The standart GL way to signify that you have finished drawing into a context is to call glFlush. This call will return immediately (or nearly so) and allows the driver/card to do the right thing in the best way it knows how while you are busy preparing the next frame.

With a double buffered context for drawing to the screen (whether fullscreen or windowed) ans assuming you are using AGL (from what I have been able to gather so far, I think Torque is using AGL), you would instead call aglSwapBuffer which performs an implicit glFlush and will swap the contents of the backbuffer (after all commands have finished) to the front buffer to display on screen. Other Mac GL layers (CGL or NSOpenGL) have similar mechanisms.

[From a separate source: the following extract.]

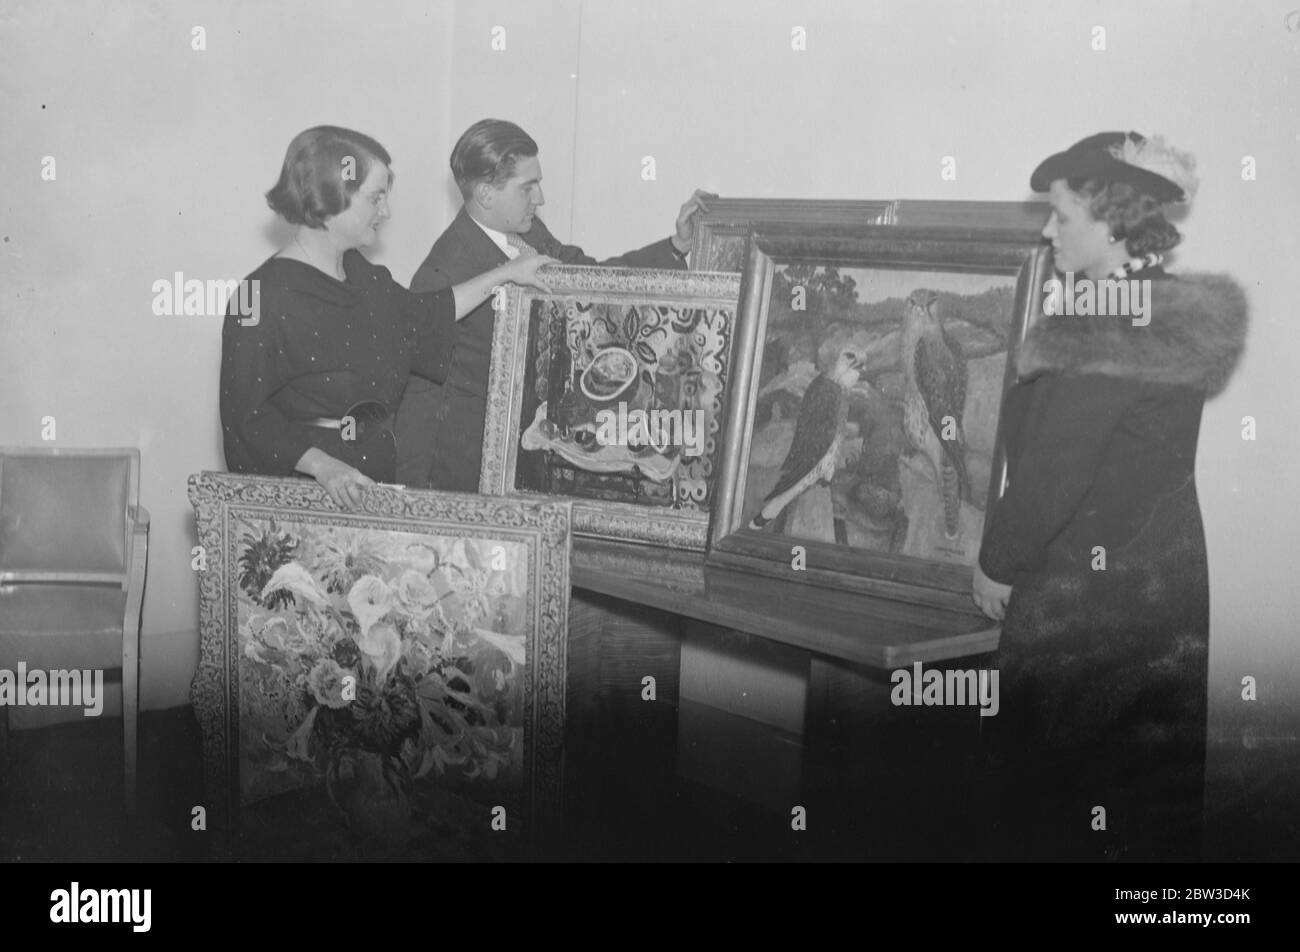 Berühmte Frau Designerin arrangiert Malerei und Skulptur Ausstellung. Frau Betty Joel (links), die berühmte moderne Möbeldesignerin, arrangiert Gemälde für die Ausstellung in ihren Knightsbridge Galerien. 11. Oktober 1935 Stockfoto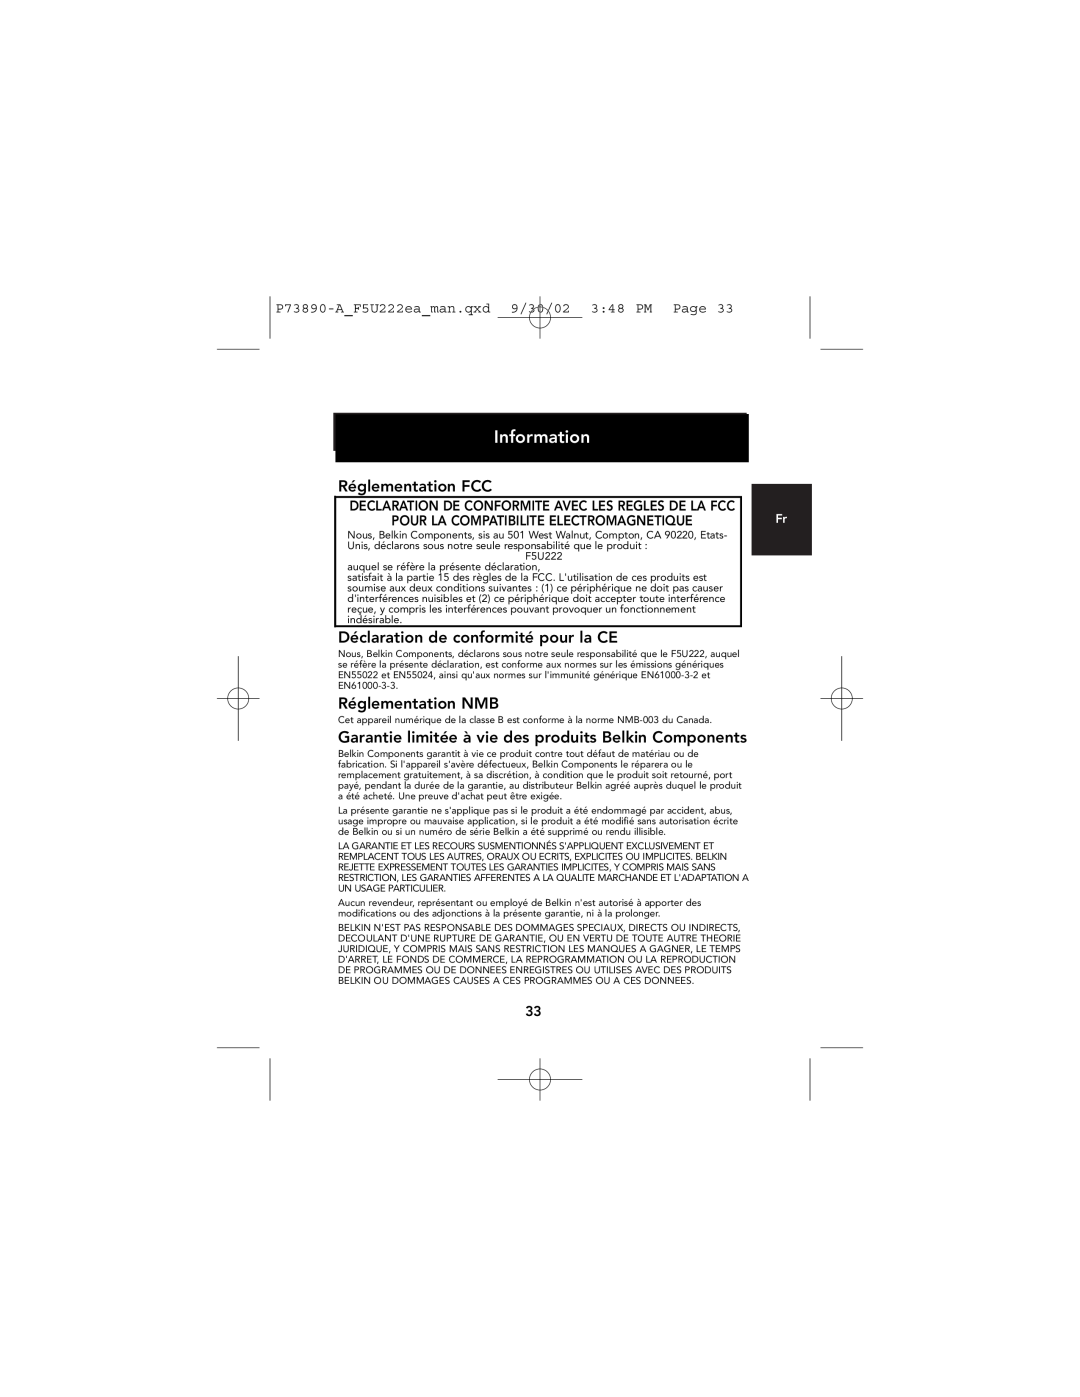 Belkin P73890EA-A manual Réglementation FCC, Déclaration de conformité pour la CE, Réglementation NMB, Information

In the case where you are rendering into a buffer (whether a pbuffer or an offscreen context) and you want to use the results of that render as a texture for another context, you should also call glFlush before switching contexts to make sure the texture will contain the finished results of the render.

Hope this helps.
#9
12/06/2005 (2:13 pm)
Thanks for the tips Kyle. I'm a PC user and just bought my first mac last week. Several of your suggested optimizations are set in the XCode project for TGE 1.4, but I added the few that were missing. I have an iMac G5 2.1 GHz and at 1024*768 I get 70-120 FPS in the fps and racing demos. Nice and speedy. Thanks!